Monsieur le Ministre,
Mesdames, Messieurs,
Chers amis,
Comme chaque année, Monsieur le Président, vous avez bien voulu associer l'Outre-Mer aux travaux de votre Congrès, et je vous en remercie.
Vous témoignez ainsi de votre attachement aux collectivités ultramarines, et de l'implication de votre mouvement pour l'amélioration des conditions de vie de nos compatriotes d'outre-mer. Je tiens à souligner la qualité du travail mené entre l'Union et mon département ministériel, travail qui s'élargit désormais aux collectivités du Pacifique
Je me réjouis d'être une nouvelle fois parmi vous, et me félicite de constater que l'atelier que vous avez consacré aux questions du logement outre-mer a accueilli avant-hier un public nombreux.

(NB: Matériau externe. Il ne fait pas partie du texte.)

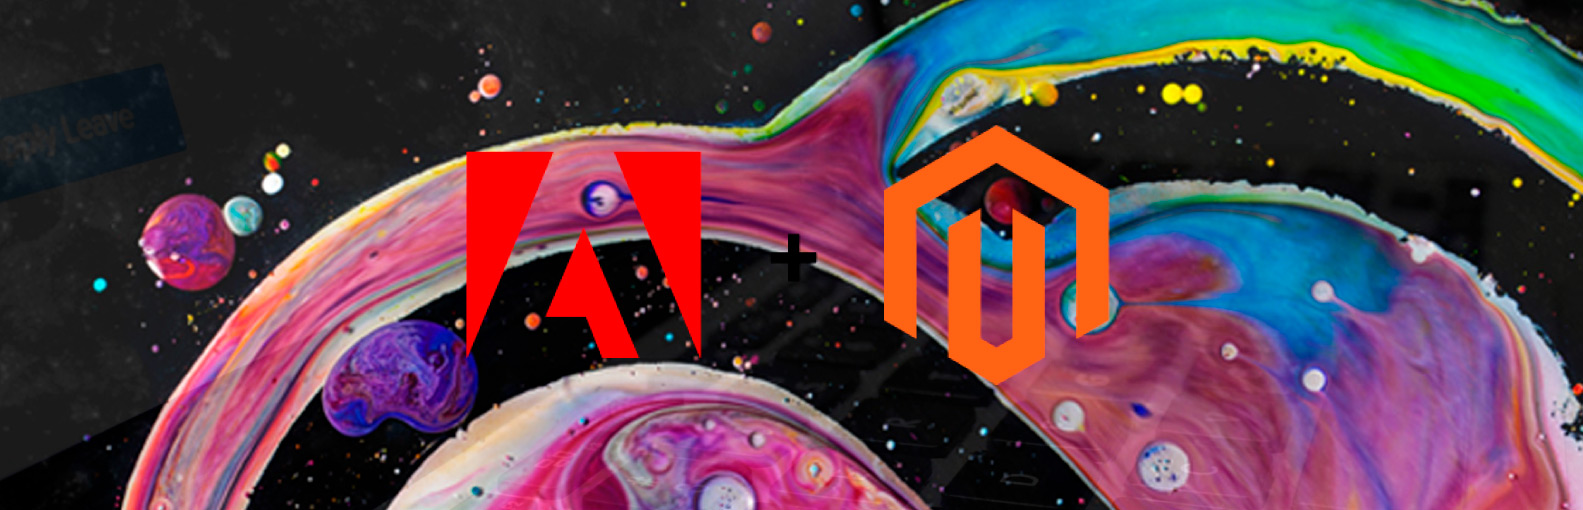 Adobe acquiert Magento

Ces rencontres ont été enrichies cette année par la présence de nombreux élus, qui ont pu exprimer leurs attentes à la veille d'une plus grande implication des collectivités dans la politique du logement social.
Je vois dans la qualité de vos travaux, le signe d'une volonté commune, celle d'agir ensemble pour garantir à tous les citoyens d'outre-mer un habitat décent, sûr, digne et adapté.

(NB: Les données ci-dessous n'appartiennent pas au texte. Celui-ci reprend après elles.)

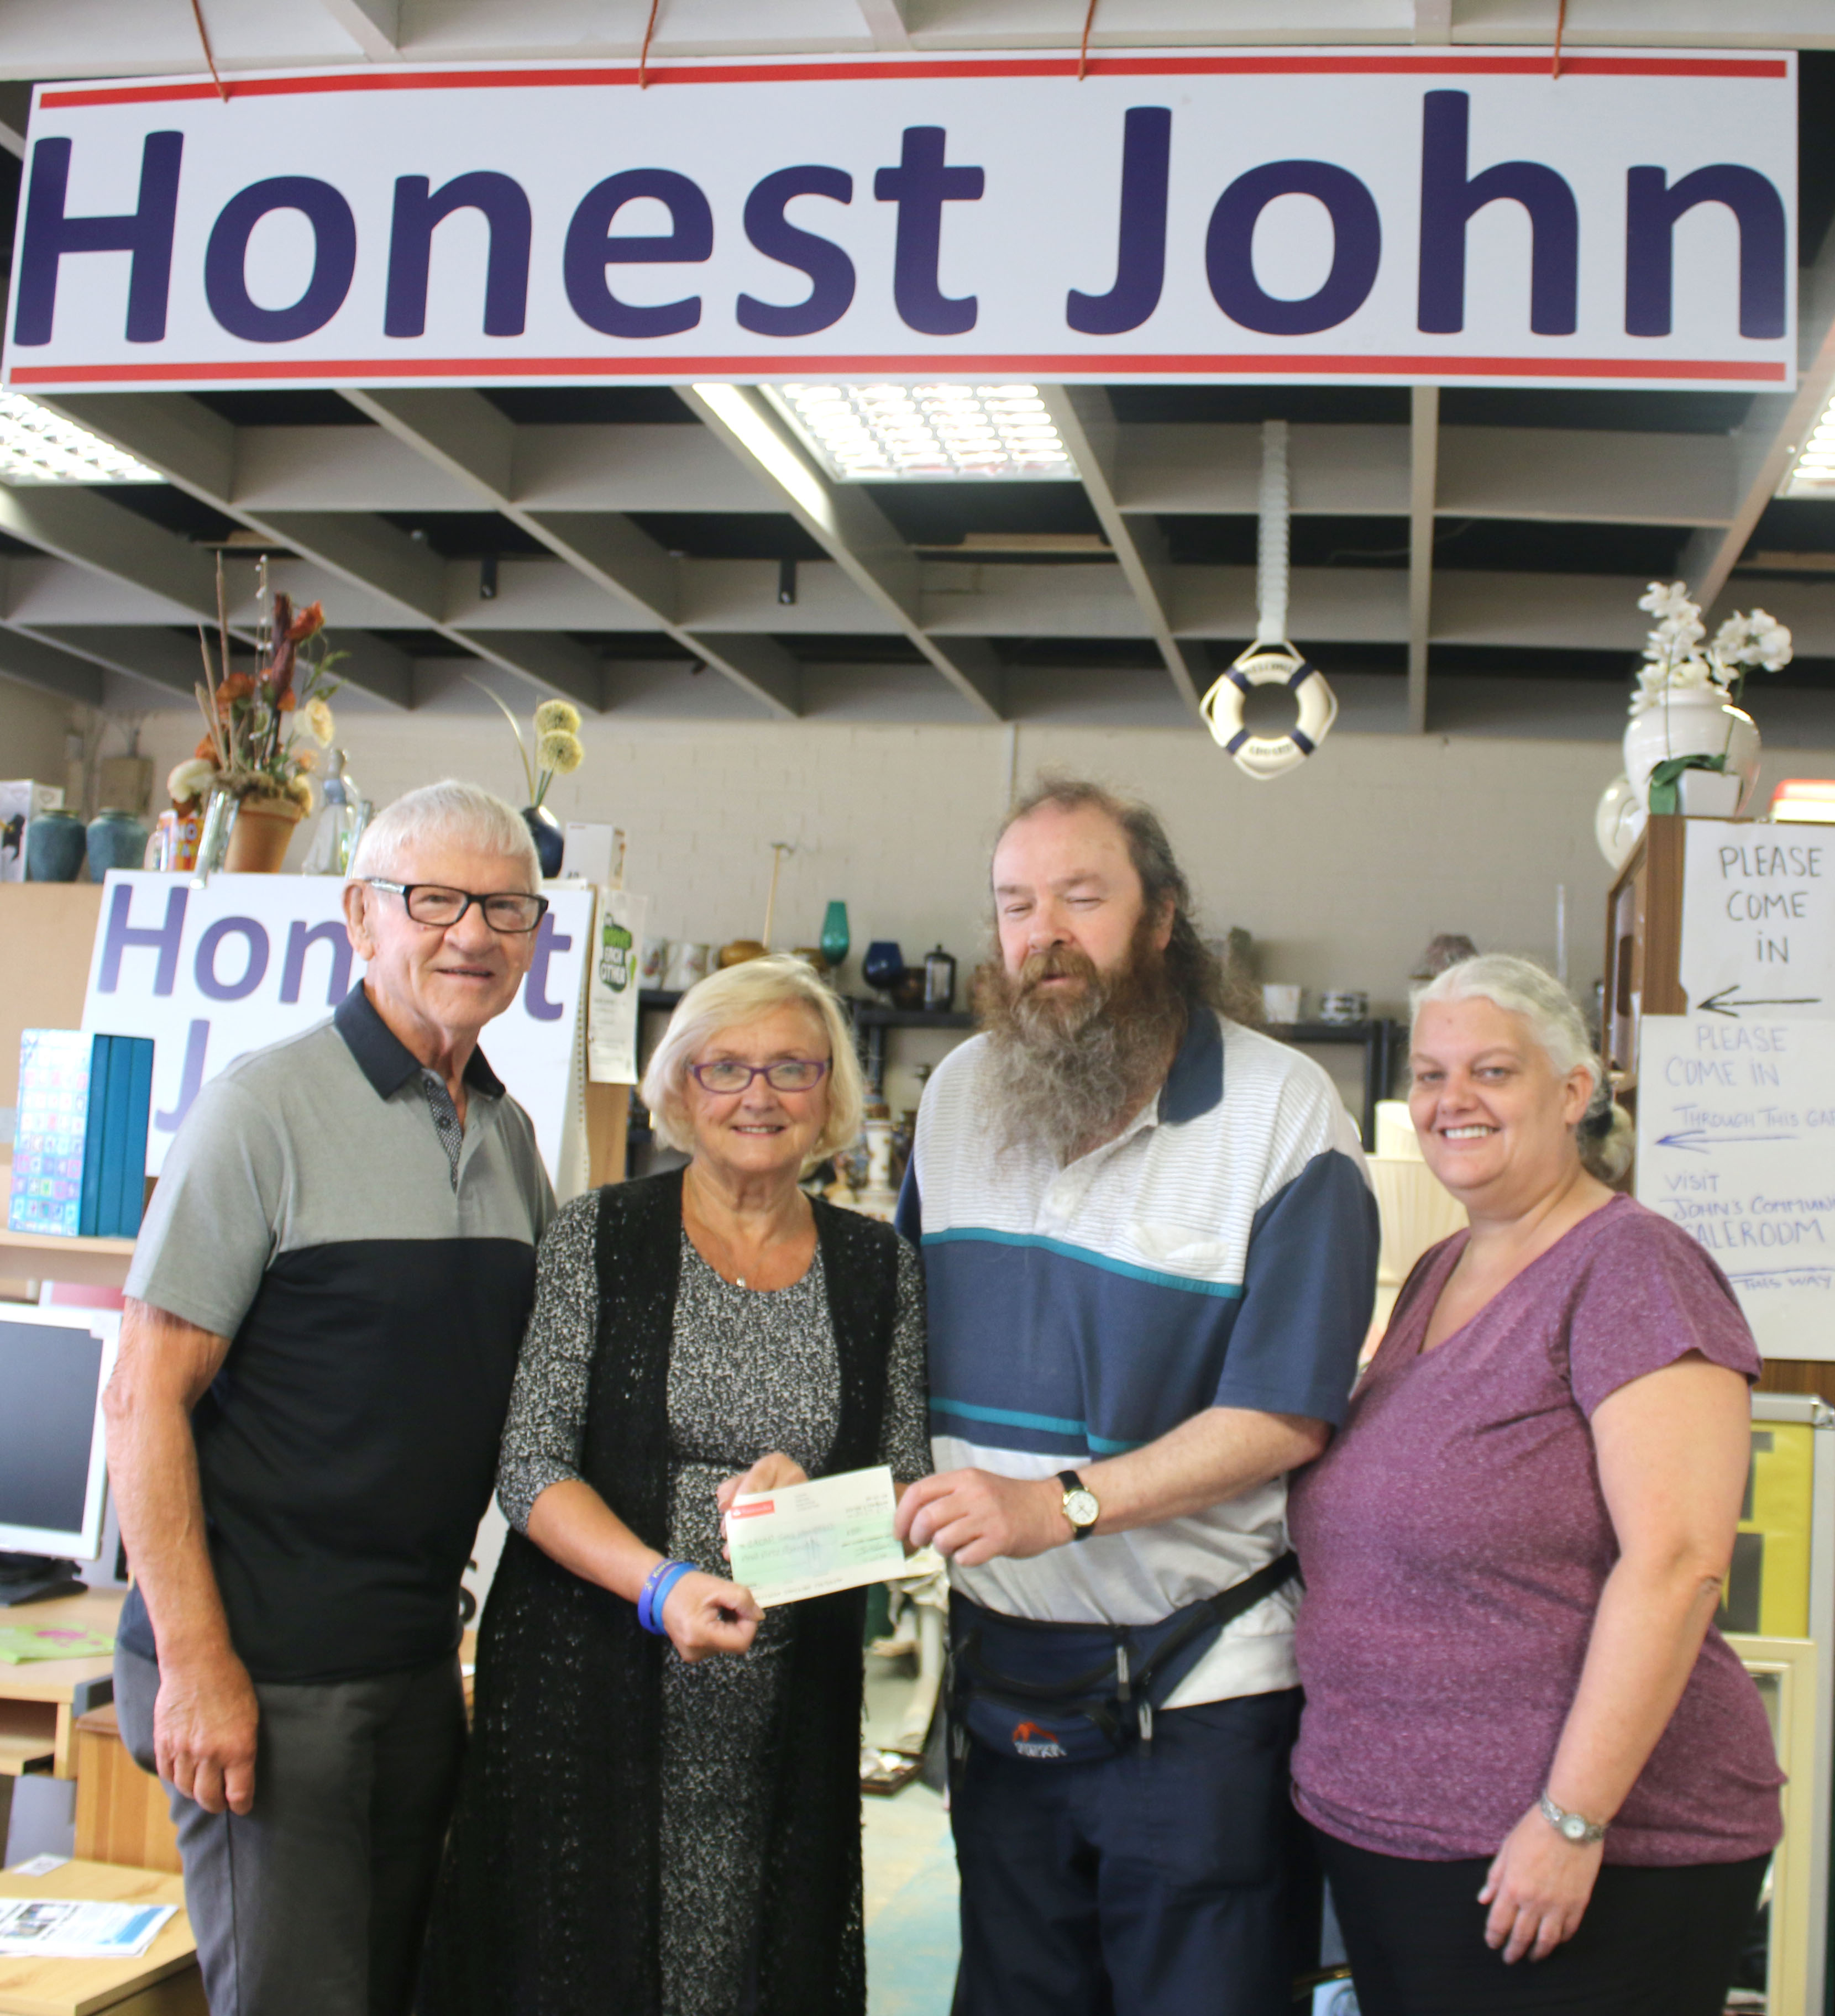 GACAP Donation from Honest John

La crise du logement est une réalité nationale, elle touche au premier plan l'outre-mer. Avec les mesures du plan de cohésion sociale de Jean-Louis Borloo, et sur lequel va revenir dans un instant Marc-Philippe Daubresse pour la métropole, le Gouvernement entend apporter une réponse forte, à la hauteur des attentes de nos concitoyens.
J'ai tenu, par ma présence à cette séance de clôture de votre Congrès, à vous réaffirmer que l'Outre-Mer ne serait pas exclu de cet effort national en faveur du logement.
Les besoins de nos collectivités d'outre-mer en la matière sont en effet considérables.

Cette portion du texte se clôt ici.